Components in permission_policies should be always loaded

[Mitar]

Trac should enforce loading of all components in permission_policies and restrain from starting if this is not possible. Otherwise it is possible that some component does not load (because of some system upgrade or any other Python error) and some security enforcing is turned off. This could have grave security implications.

More about this topic in ​this ticket.

[Remy Blank]

We could extend OrderedExtensionOption to do that (or create a MandatoryOrderedExtensionOption subclass). Sounds like a good idea.

OTOH, a whitelist is inherently safer than the blacklist currently implemented in ​SensitiveTicketsPlugin. Trac supports both policies, and actually, if a permission isn't granted explicitly by an IPermissionPolicy, it's denied. Maybe the plugin should also be modified to use a blacklist?

[Christian Boos]

Also have a look at the discussion in #5535, where similar concerns about security when permission policies couldn't be loaded were raised.

([OT] where's the (-) Remove this change button? I was about to remove ryano@ from the CC: ;-) )

[Remy Blank]

Replying to cboos:

([OT] where's the (-) Remove this change button? I was about to remove ryano@ from the CC: ;-) )
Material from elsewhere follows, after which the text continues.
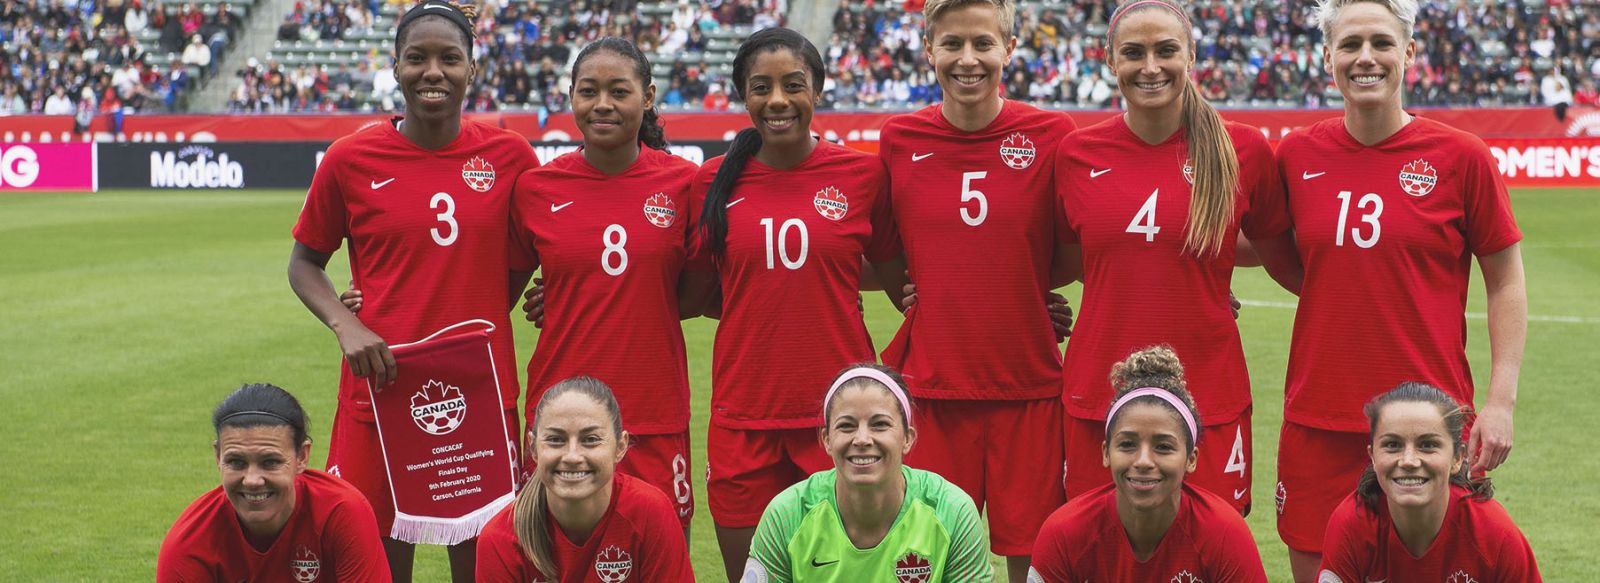 Canada Soccer announces squad for Women’s National Team Celebration Tour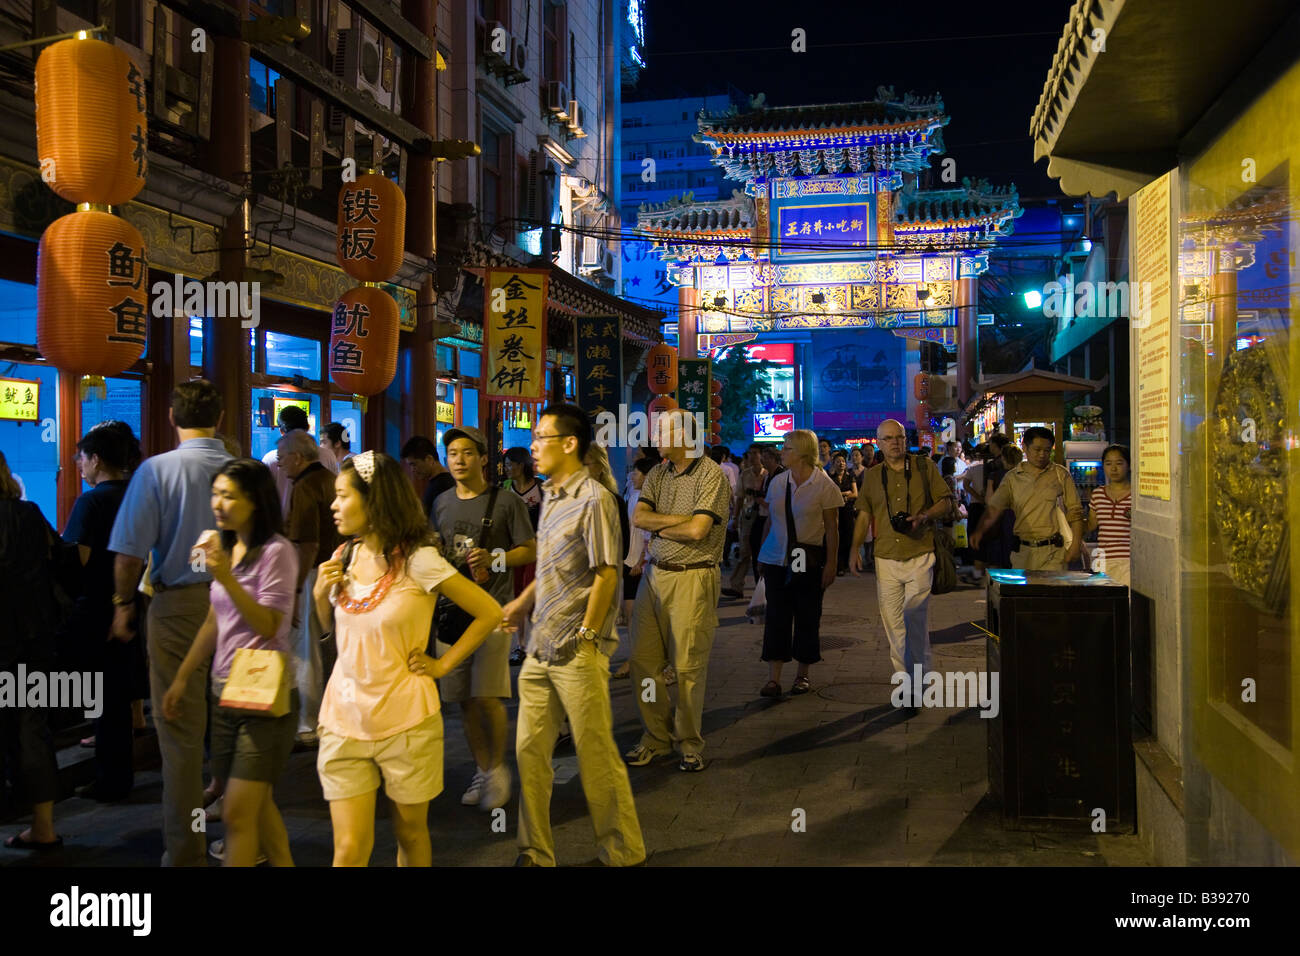 Chinese and foreigners mingle in Wanfujing Dajie Street Beijing's main shopping street at night JMH3189 Stock Photo

Yes, I had the same experience with comment:1. The thing is, it's more difficult to implement than I initially thought, and I haven't had time to dive in lately. Still on my list, though.

[Mitar]

Replying to rblank:

We could extend OrderedExtensionOption to do that (or create a MandatoryOrderedExtensionOption subclass). Sounds like a good idea.

This really sounds as a good idea.

BTW, why is required Component flag/field not checked anywhere, it seems? I saw it in some official Trac components being set to True.

Trac supports both policies, and actually, if a permission isn't granted explicitly by an IPermissionPolicy, it's denied. Maybe the plugin should also be modified to use a blacklist?

Yes, but the idea is that you augment the existing permission policy components (like official one for tickets). Otherwise you have to replace whole chain with your own permission policy. I believe MandatoryOrderedExtensionOption is a very simple solution which would make things easy to develop with predicting results. So good work/effect ratio in my opinion.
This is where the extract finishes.